Despite the ability of vaccines to prevent illness and death, our current system of vaccine financing has resulted in a gap for underinsured children.

http://jama.ama-assn.org/cgi/content/full/298/6/638

Comment:

By Don McCanne, MD

The crisis in the affordability of private health insurance can only result in an expansion in the current epidemic of underinsurance. If insurers are to maintain a market for their products, they must continue to find innovative methods of not paying for health care.

Vaccines for children are so important that we have in place public policies that ensure that children covered by public insurance programs and children without any health insurance at all will still receive their immunizations. Our public policies also presume that vaccines will be provided on a private basis for privately insured children. The response of the private insurers confirms that this latter assumption is not valid, especially considering that the cost to fully vaccinate a child in the public sector is $1170.

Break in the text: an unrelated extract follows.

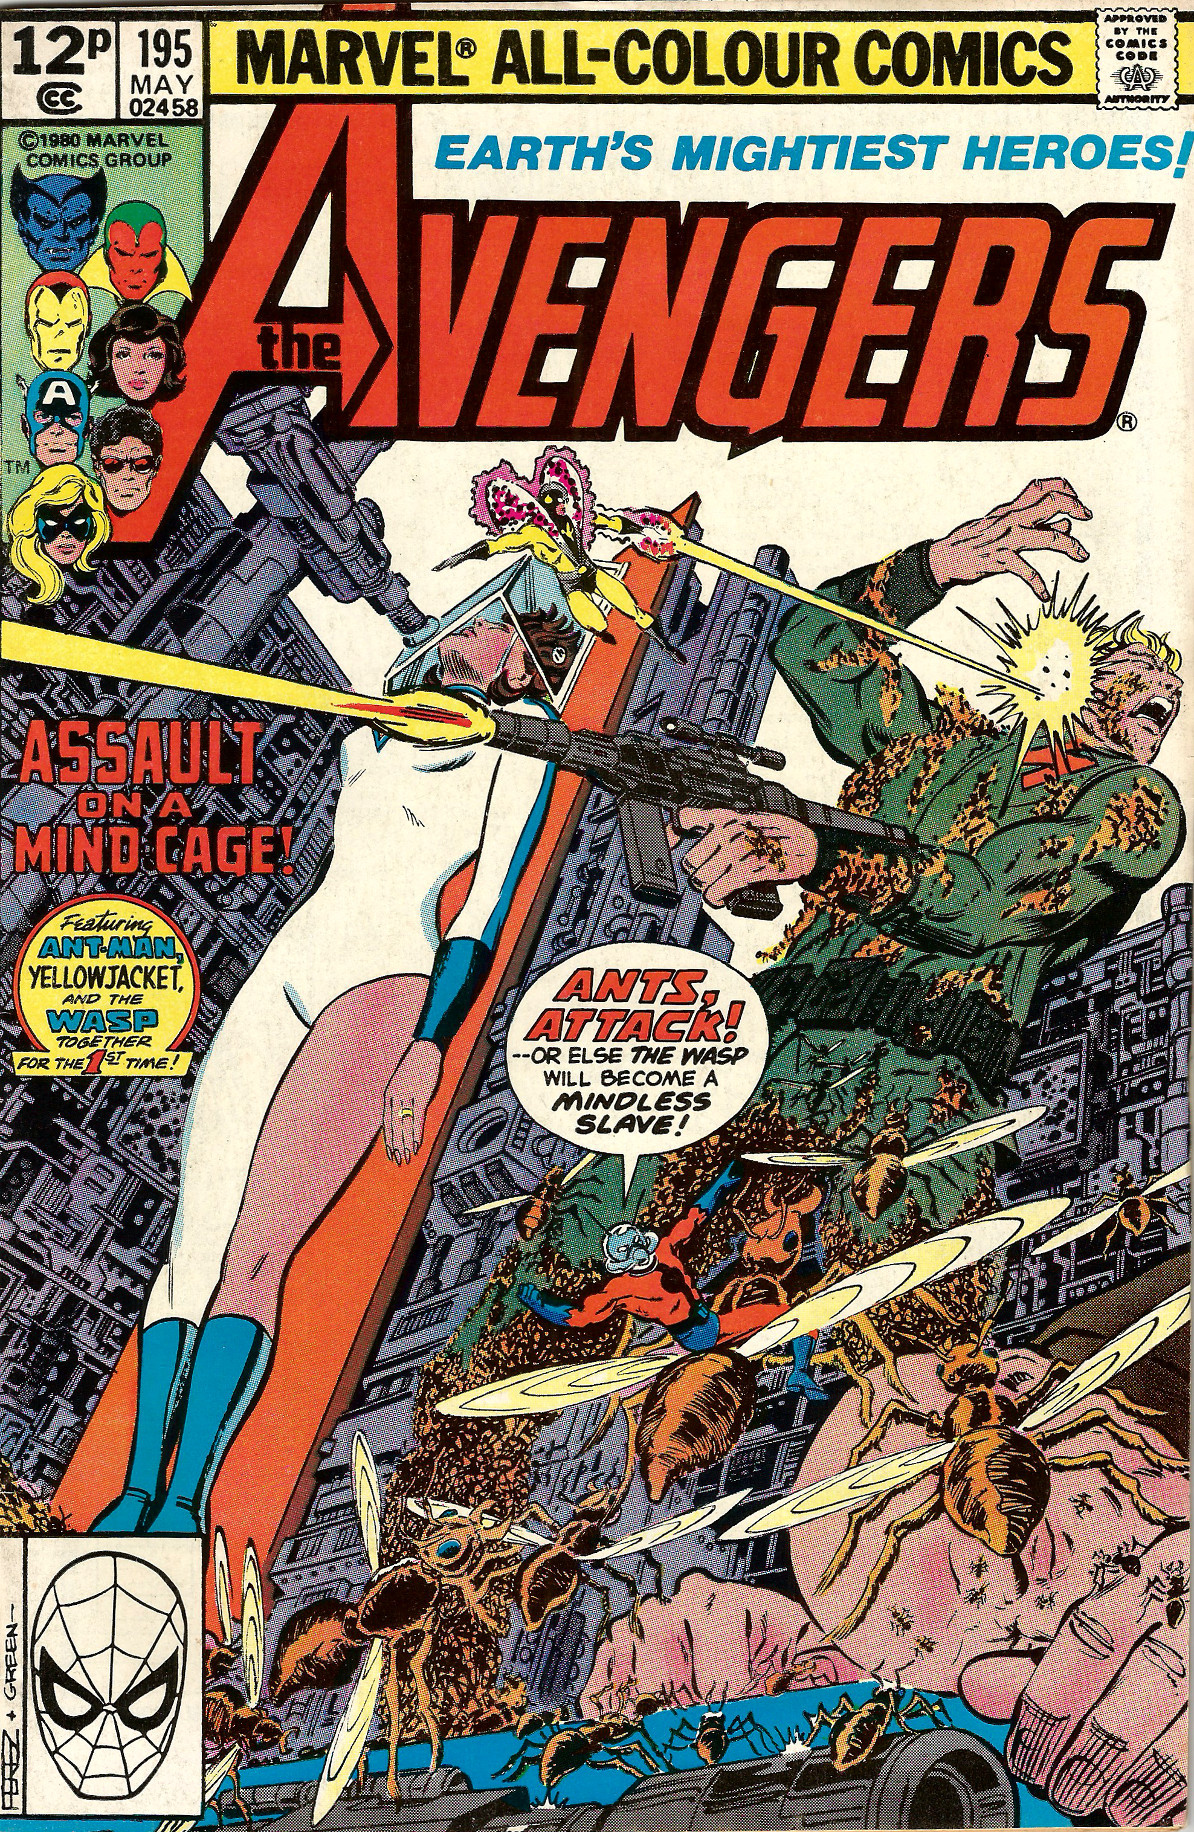 Avengers No. 195 (Marvel Comics, 1977). Cover art by George Perez and Dan Green.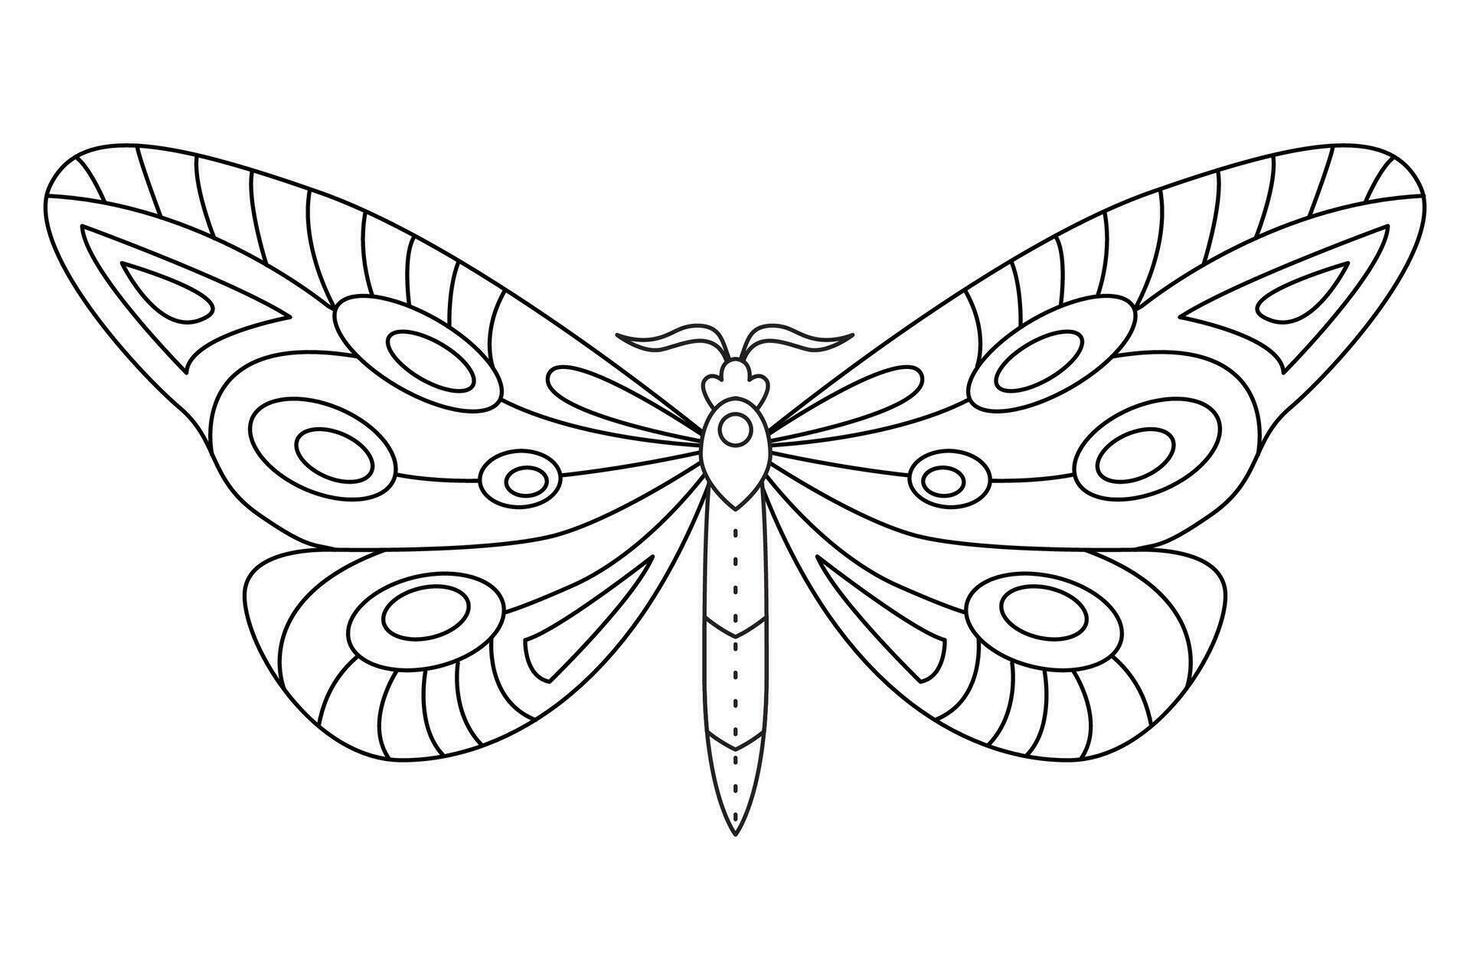 Butterfly black white isolated sketch illustration. Coloring page for kids and adults. vector

There is a fundamental difference between public insurance and private insurance. Public insurance is founded on policies that help to ensure that people receive the health care that they need, when they need it. That includes vaccines for children. Private insurance is founded on policies that ensure success in a competitive marketplace that trades off lower insurance premiums for limiting access to care that people need. That includes limiting affordable access to childhood vaccines.

Leaving policy decisions under the control of the private stewards of a competitive market of underinsurance will result in adverse outcomes such as the preventable deaths of untold numbers of children for lack of vaccines. Isn’t it time for us to dismiss the private stewards and hire our own public stewards who really do care about the health of our children, and the health of the rest of us?